JEE Main & Advanced Physics Electrostatics & Capacitance Grouping of Capacitor

(1) Series grouping

(i) Charge on each capacitor remains same and equals to the main charge supplied by the battery but potential difference distributes  i.e. \[V={{V}_{1}}+{{V}_{2}}+{{V}_{3}}\]

(ii) Equivalent capacitance

\[\frac{1}{{{C}_{eq}}}=\frac{1}{{{C}_{1}}}+\frac{1}{{{C}_{2}}}+\frac{1}{{{C}_{3}}}\] or \[{{C}_{eq}}={{(C_{1}^{-1}+C_{2}^{-1}+C_{3}^{-1})}^{-1}}\]

(iii) In series combination potential difference and energy distributes in the reverse ratio of capacitance i.e.,

\[V\propto \frac{1}{C}\] and \[U\propto \frac{1}{C}\].

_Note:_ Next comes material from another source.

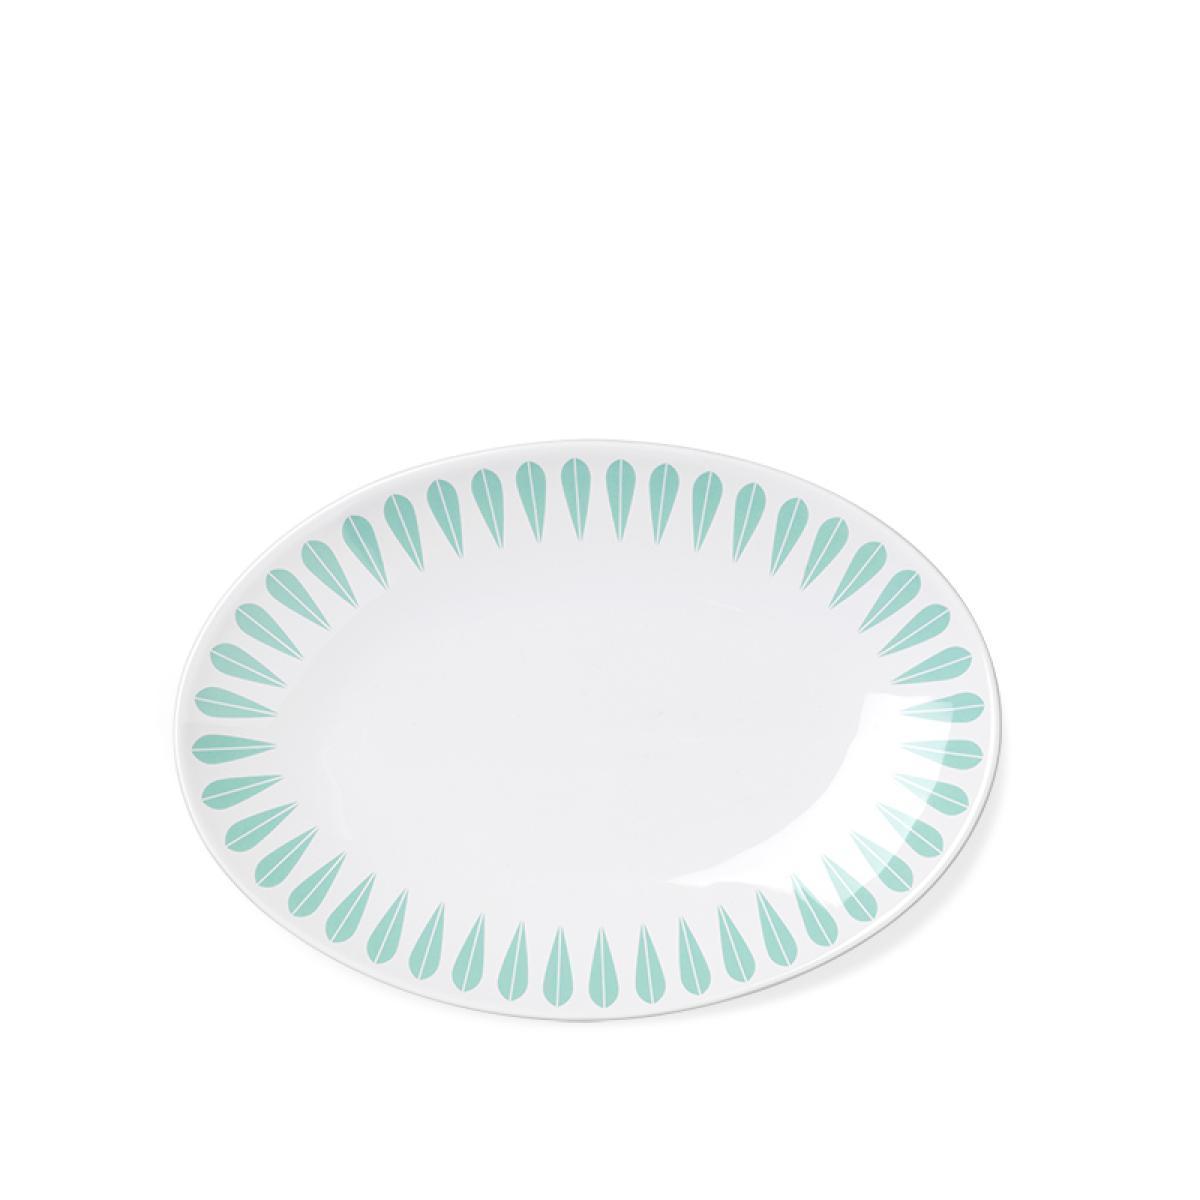 Lucie Kaas Arne Clausen Collection Serving Plate Mint Green, 29 cm

(iv) If two capacitors having capacitances \[{{C}_{1}}\] and \[{{C}_{2}}\] are connected in series then \[{{C}_{eq}}=\frac{{{C}_{\mathbf{1}}}{{C}_{\mathbf{2}}}}{{{C}_{\mathbf{1}}}+{{C}_{\mathbf{2}}}}=\frac{Multiplication}{Addition}\]

\[{{V}_{1}}=\left( \frac{{{C}_{2}}}{{{C}_{1}}+{{C}_{2}}} \right)\,.\,V\]  and \[{{V}_{2}}=\left( \frac{{{C}_{1}}}{{{C}_{1}}+{{C}_{2}}} \right)\,.\,V\]

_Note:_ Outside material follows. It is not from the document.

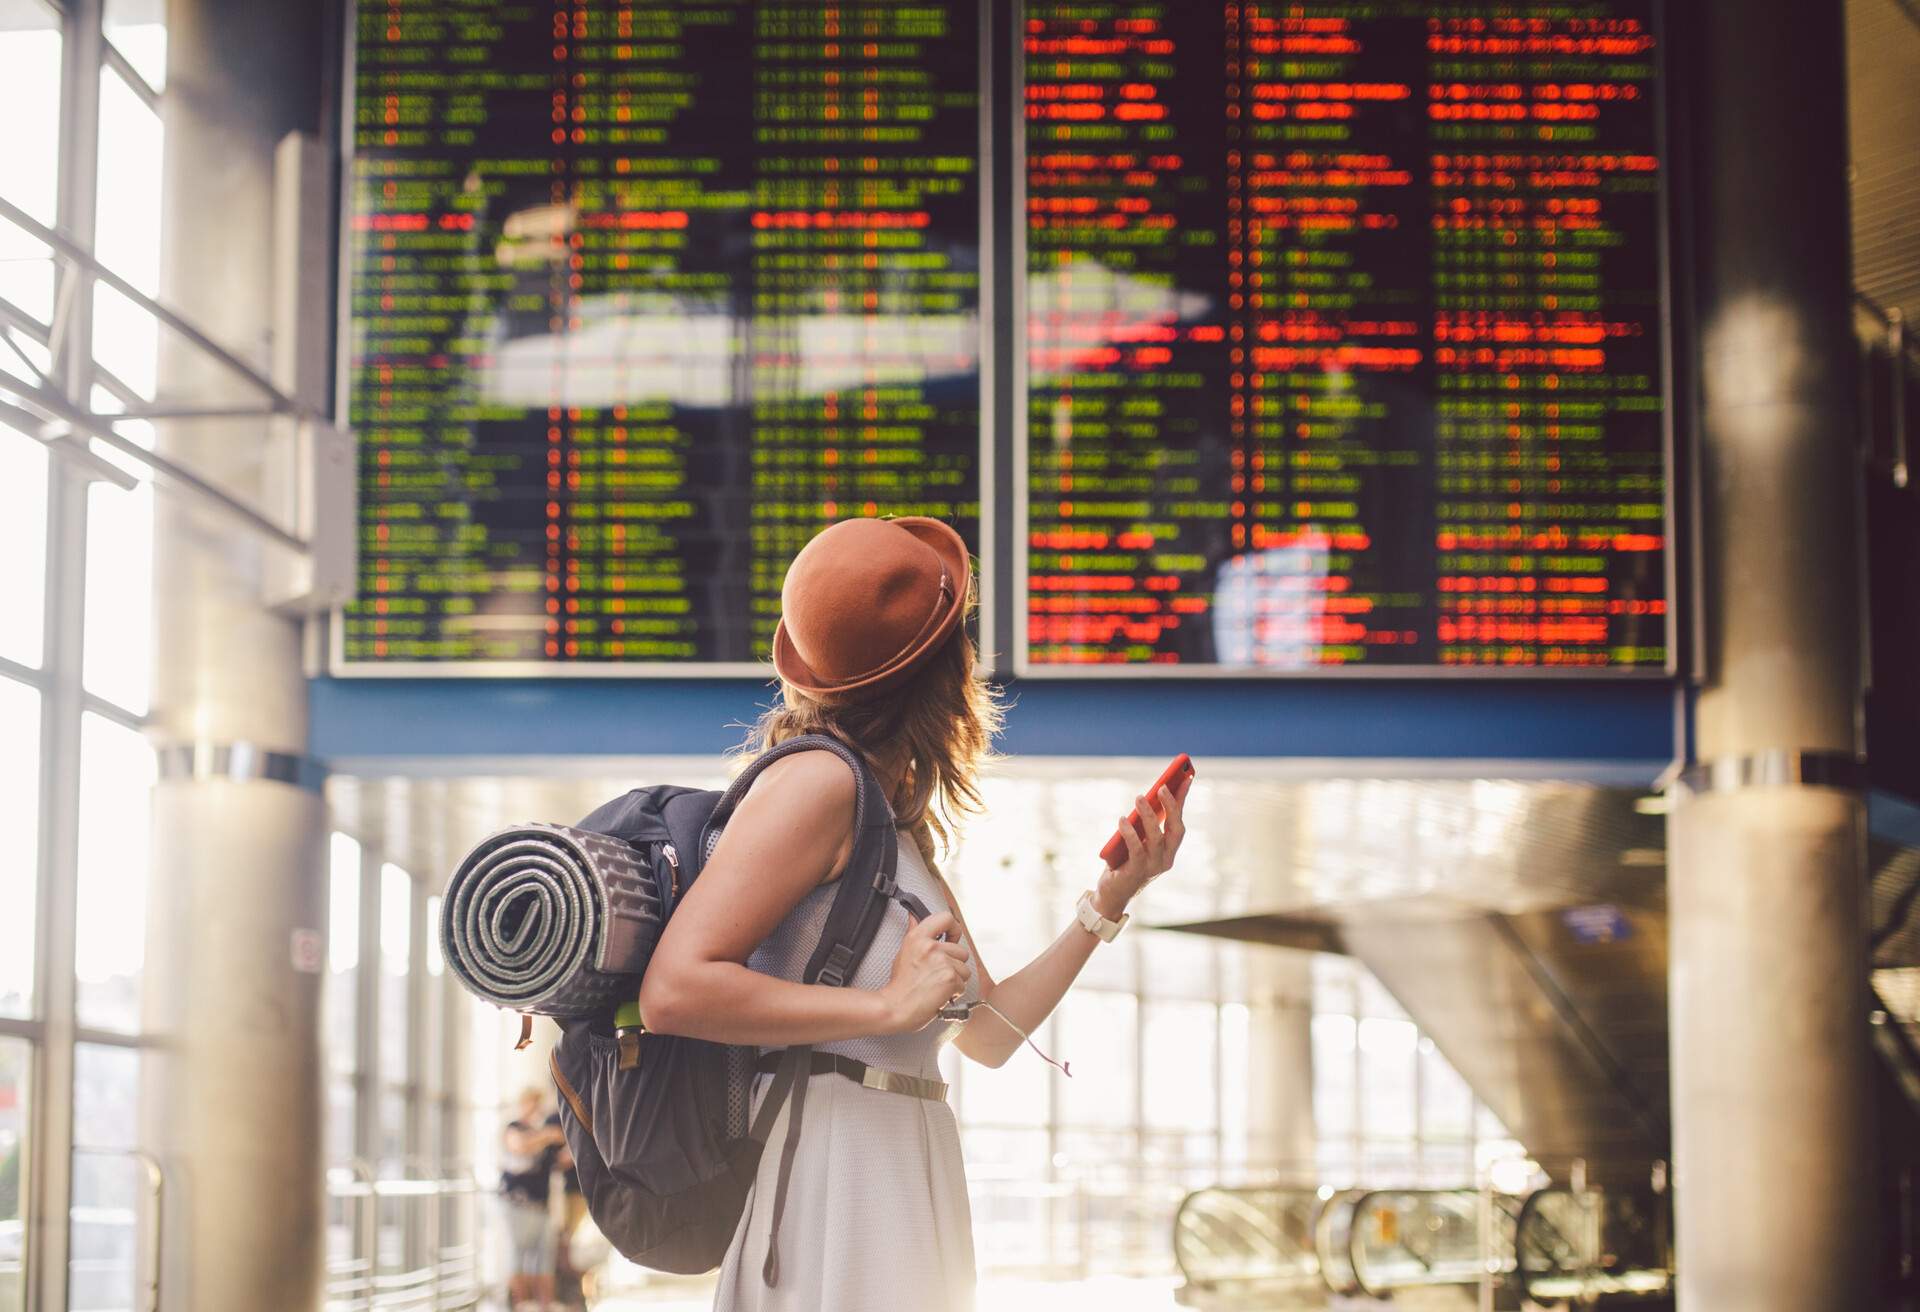 theme_people_woman_at_a_train_station_shutterstock

(v) If \[n\] identical capacitors each having capacitances C are connected in series with supply voltage V then Equivalent capacitance \[{{C}_{eq}}=\frac{C}{n}\,\] and Potential difference across each capacitor \[V'=\frac{V}{n}\].

(vi) If \[n\] identical plates are arranged as shown below, they constitute \[(n-1)\] capacitors in series. If each capacitors having capacitance \[\frac{{{\varepsilon }_{0}}A}{d}\] then  \[{{C}_{eq}}=\frac{{{\varepsilon }_{0}}A}{(n-1)d}\]

In this situation except two extreme plates each plate is common to adjacent capacitors.

(2) Parallel grouping

(i) Potential difference across each capacitor remains same and equal to the applied potential difference but charge distributes i.e. \[Q={{Q}_{1}}+{{Q}_{2}}+{{Q}_{3}}\]

(ii) \[{{C}_{-eq}}={{C}_{1}}+{{C}_{2}}+{{C}_{3}}\]

(iii) In parallel combination charge and energy distributes in the ratio of capacitance i.e. \[Q\,\,\propto \,\,C\] and \[U\,\,\propto \,\,C\]

(iv) If two capacitors having capacitance \[{{C}_{1}}\] and \[{{C}_{2}}\] respectively are connected in parallel then \[{{C}_{eq}}={{C}_{1}}+{{C}_{2}}\]

\[{{Q}_{1}}=\left( \frac{{{C}_{1}}}{{{C}_{1}}+{{C}_{2}}} \right)\,.\,Q\] and  \[{{Q}_{2}}=\,\left( \frac{{{C}_{2}}}{{{C}_{1}}+{{C}_{2}}} \right)\,.\,Q\]

(v) If \[n\] identical capacitors are connected in parallel Equivalent capacitance \[{{C}_{eq}}=nC\] and Charge on each capacitor \[Q'=\frac{Q}{n}\]

If \[n\] identical plates are arranged such that even numbered of plates are connected together and odd numbered plates are connected together, then \[(n-1)\]  capacitors will be formed and they will be in parallel grouping.

Equivalent capacitance \[C'=(n-1)\,C\] where \[C=\] capacitance of a capacitor \[=\frac{{{\varepsilon }_{0}}A}{d}\]